Knowing this, what can we do to encourage people to not just talk about our brands, but to keep talking about us? Exclusivity isn’t just about money or celebrity, it’s also about knowledge. Knowing certain things or being connected to people who do, gives us a leg up over our peers, and makes us feel cool and “in the know”. We all can relate…Get a new gadget and the first thing you do is show people, shouting from the metaphorical rooftops “I’m ahead of the curve!”
To make your product something people can’t resist talking about it should have good social currency, be remarkable, include game mechanics, be somewhat scarce and be exclusive.
If we satisfy all these, how do we keep that conversation going? People don’t realize how often we talk about brands, products & organizations. It’s almost constant. Sights, smells and sounds trigger related thoughts and ideas, and make them top of mind. Humans are constantly looking for small talk to fill the conversational space at work, your kids soccer games, and other times we need to chat frivolously. More frequently triggered products get more word of mouth.
Triggers and cues lead people to talk, choose and use. Social currency gets people talking, but triggers keep them talking . Top of mind means tip of tongue. This means if you want your product to thrive, it needs to have cues in your ideal clients world that constantly remind them of why they need it.
Prevalence & triggers aren’t the only way to stay at the top of mind. When humans care, we share. Humans are social animals with a tendency to gossip , for good or ill it shakes our relationships. An interesting and/or useful article is more likely to be shared. Another win seen in science is the emotion “awe”. There may be no social currency or practical value, but if it is awe inspiring it is very shareable.
Again, as social animals, talking to others often makes emotional experiences better. I feel awe watching a video, so I share it. If my friend had the same feelings, it deepens our emotional connection. Same with any strong emotion, jokes or anger, if you share the response it underscores your connection.
This shareable connection isn’t true for all emotions. Sadness doesn’t fit this, sad articles are less shareable. No one wants to be a Debbie downer, so while local news uses negative stories to suck you in, it’s less shareable in the greater scheme of things.
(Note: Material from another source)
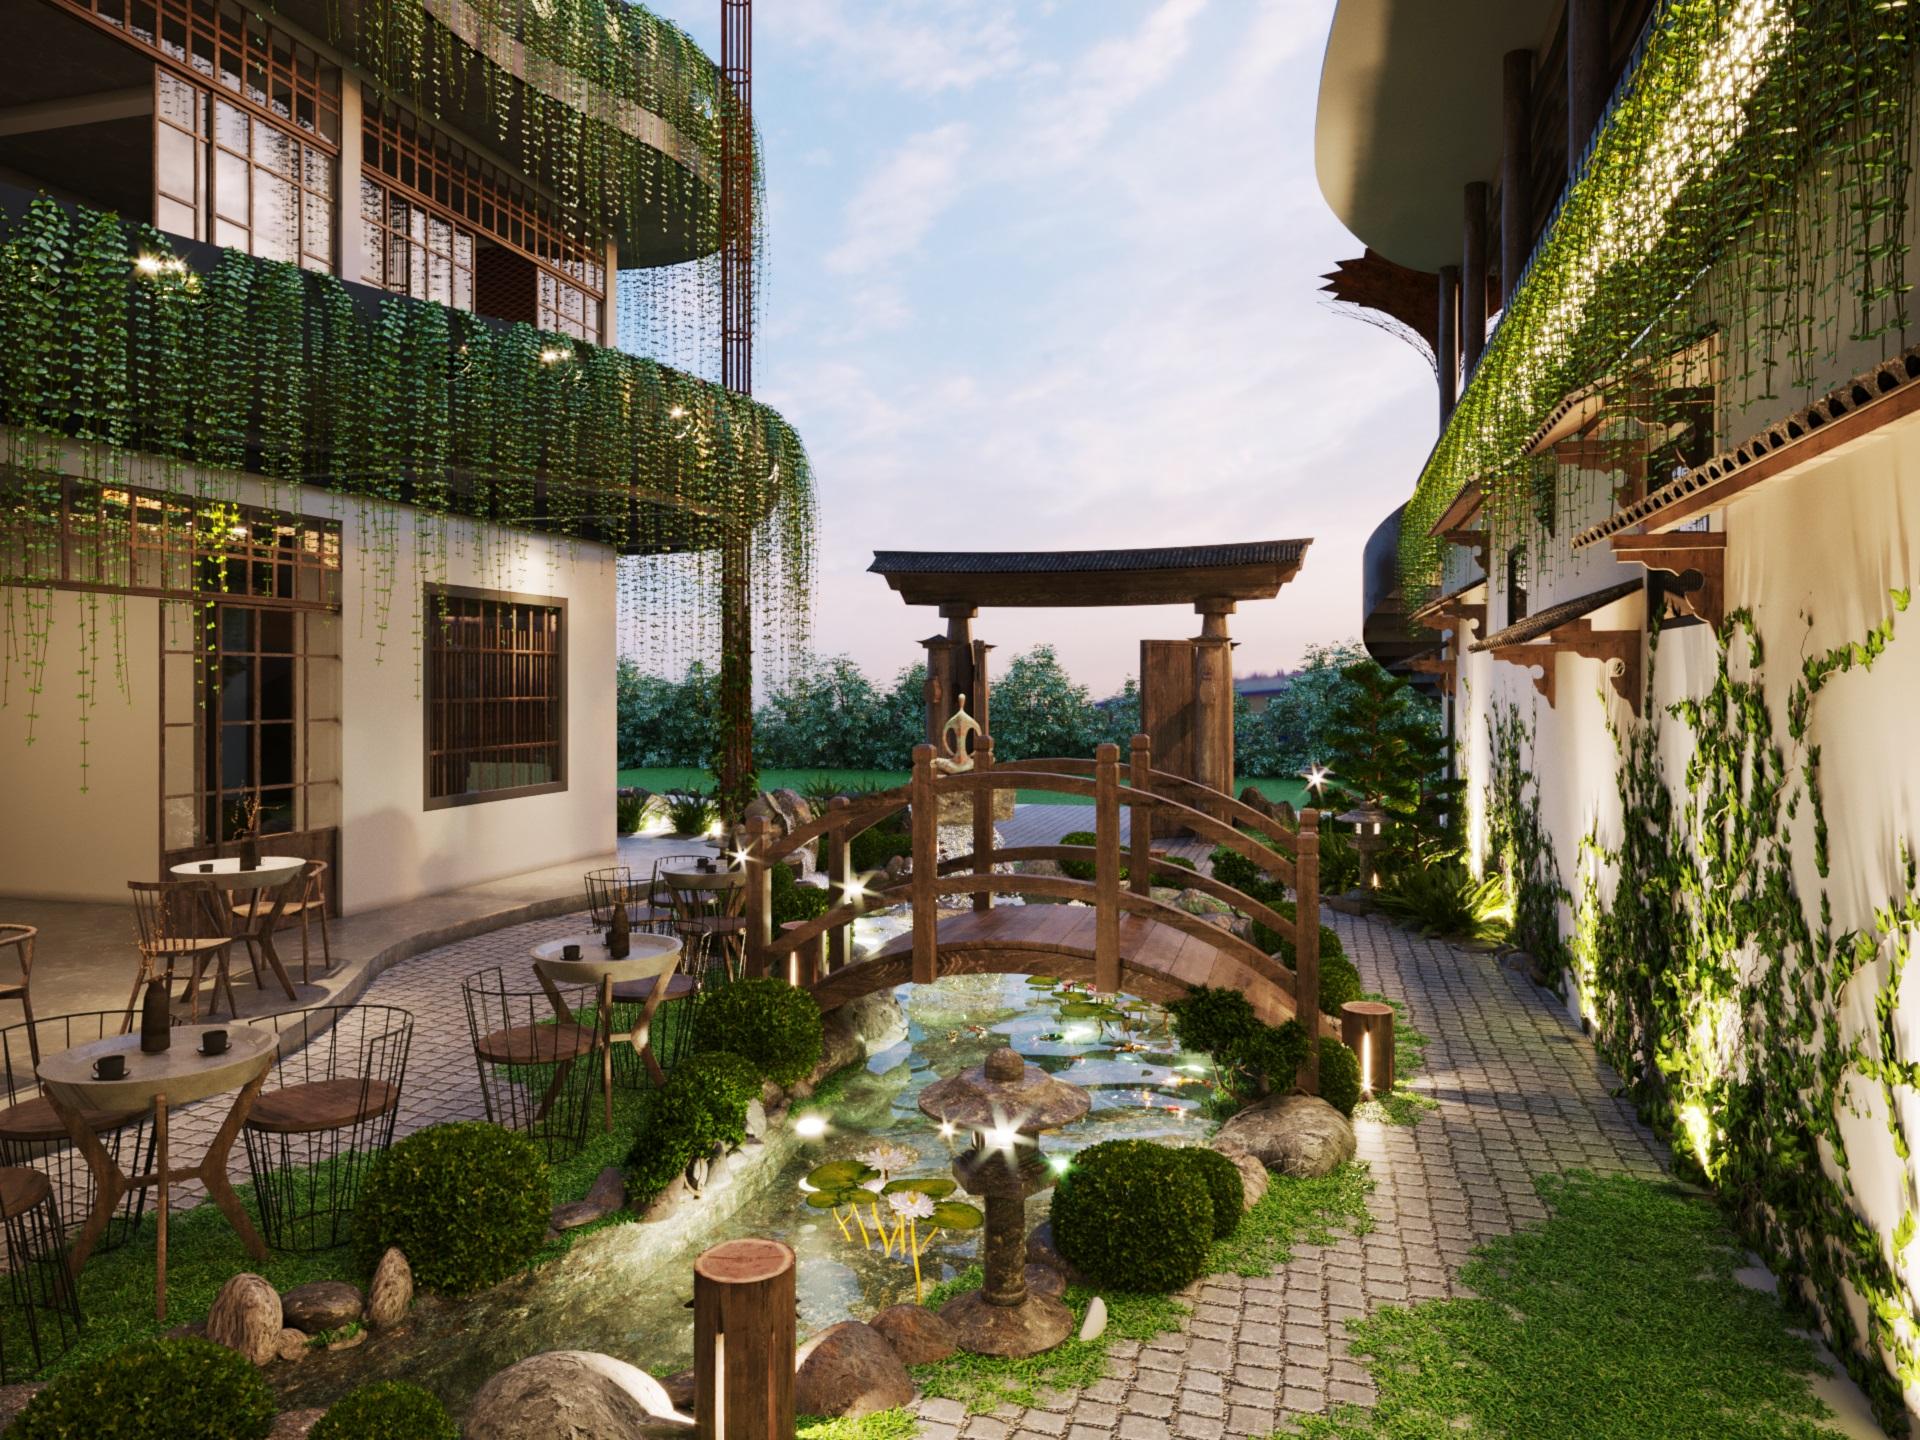 thiết kế nội thất Cafe tại Hà Nội caffee koi 14 1569649990

Truly, it’s all about arousal.
Physiological arousal is the key to sharing. High arousal emotions encourage sharing, things like sadness (low arousal) stifle it. Even just getting your body moving, like going for a walk, can mimic these effects of physiological arousal. The physiological arousal is the key to a topics shareability.
We are also greatly impacted by the behaviour of the herd. It’s social proof. We assume if others do it that thing must be great, and if they pass it must be bogus. This social proof is the seed of peer pressure.
People like to pass along practical, useful info. News others can use. The stories we tell, are linked to the person we present to the world. We share and tells stories because we look cool, smart, “in the know” or otherwise tuned in. With the constant stream of content in the modern world, seeing what others share is a quick and easy way to acquire lots of info in a vivid and engaging fashion.
So as a brand, if you want to succeed, if you want to “go viral” you need to build a product with a message that is laden in social currency, is regularly triggered by your target audiences life, is emotionally engaging, is publicly digestible, practical, and valuable. Just (please) don’t forget to hide your products true message inside. Make sure your desired story is so embedded in the plot that people can’t tell the story without it.
This post was originally written for the AltMBA4.